R.E.M.: 
Automatic For The People (25th Anniversary Reissue)

R.E.M.

Automatic For The People (25th Anniversary Reissue)
(Craft Recordings)
Rating: 5 out of 5 stars

Every music fan has a list of favorite albums — the ones we still sing or cry or dance to decades after we first fell in love. But when we start considering which ones deserve desert-island status, it gets trickier — except for R.E.M. fans. Plenty of us would swear we couldn’t survive without Automatic For The People.

Twenty-five years after its 1992 release, it still stands as a stunning work of art. Not only does it capture a band at their creative peak, it offers new insights regarding how they got there. No mere repackaging of old material and vault scrapings, the four-disc edition contains Live At The 40 Watt Club, 13 tracks recorded on their Athens, Georgia home turf and 20 previously unheard demos with charming surprises like “Mike’s Pop Song,” a rare showcase for his voice and ’60s pop sensibilities, and the long-rumored, but not heard, “lost” song, “Devil Rides Backwards.” A Blu-ray disc contains Automatic in hi-res audio and remastered in Dolby Atmos, a new surround-sound technology getting its first commercial release here, along with seven videos, one a never-released R-rated version of the beautifully impressionistic “Nightswimming” video.

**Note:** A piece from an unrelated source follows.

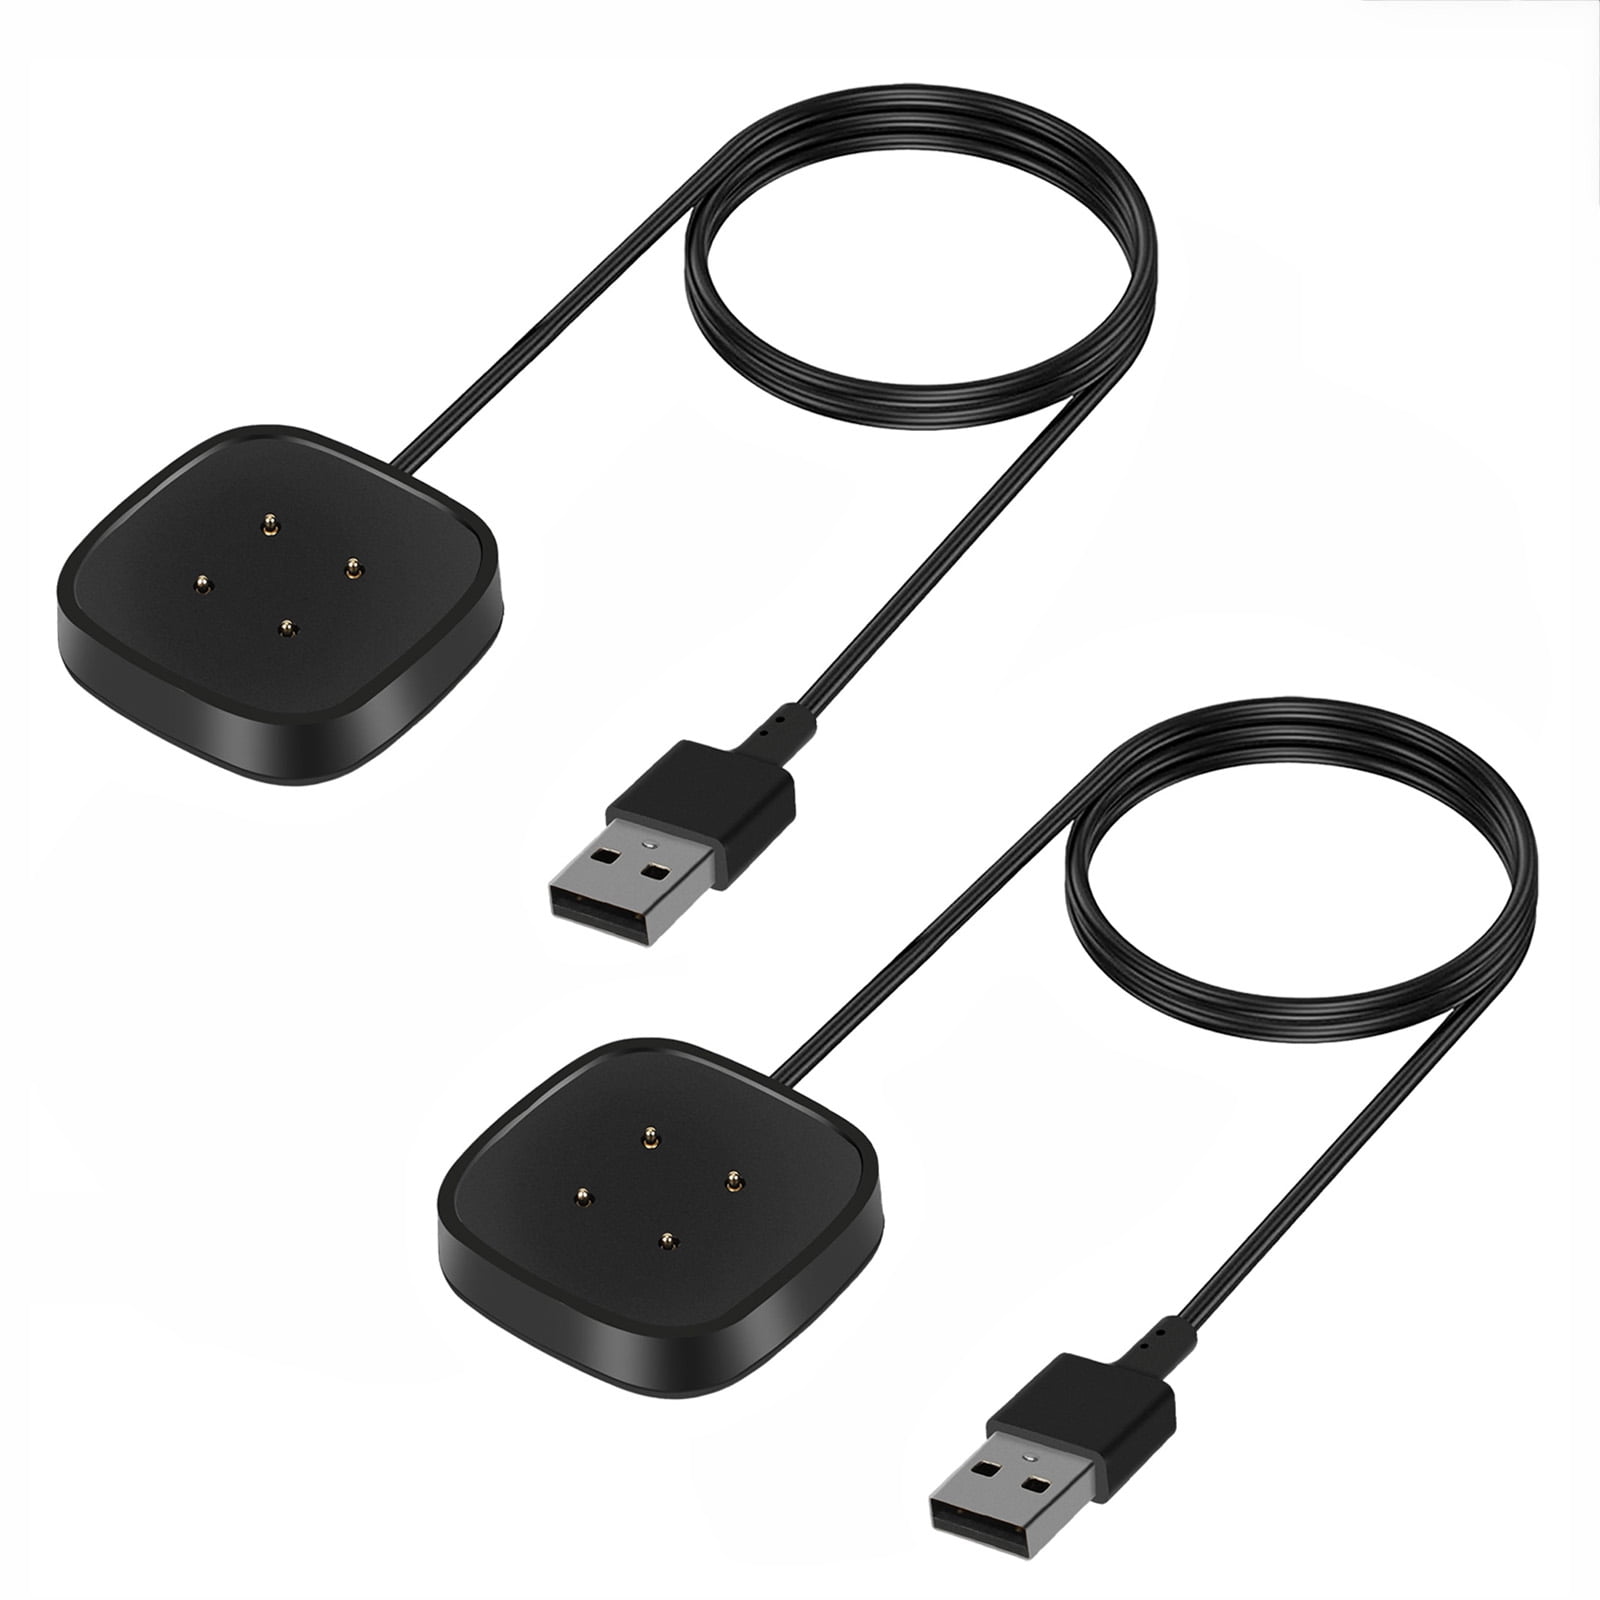 For Fitbit Versa 2 USB Charging Cable Power Charger Dock Cradle Replacement

But the biggest thrill lies within those original 12 songs, each melody more gorgeous than the last, each lyric somehow balanced perfectly between nonsensical playfulness and arresting brilliance. Peter Buck’s searing, sinister guitar break on “Drive”; Mike Mills’ piano on “Nightswimming”; Michael Stipe’s keening on “Try Not To Breathe” and laughter on “The Sidewinder Sleeps Tonite”; Bill Berry’s percussion on “Man On The Moon”; John Paul Jones’ orchestral string arrangements on “Everybody Hurts” …  all resonate just as much today as they did then.

Not many albums still stop you in your tracks after 25 years of listening. This one does. It’s a pure masterpiece, from beginning to end.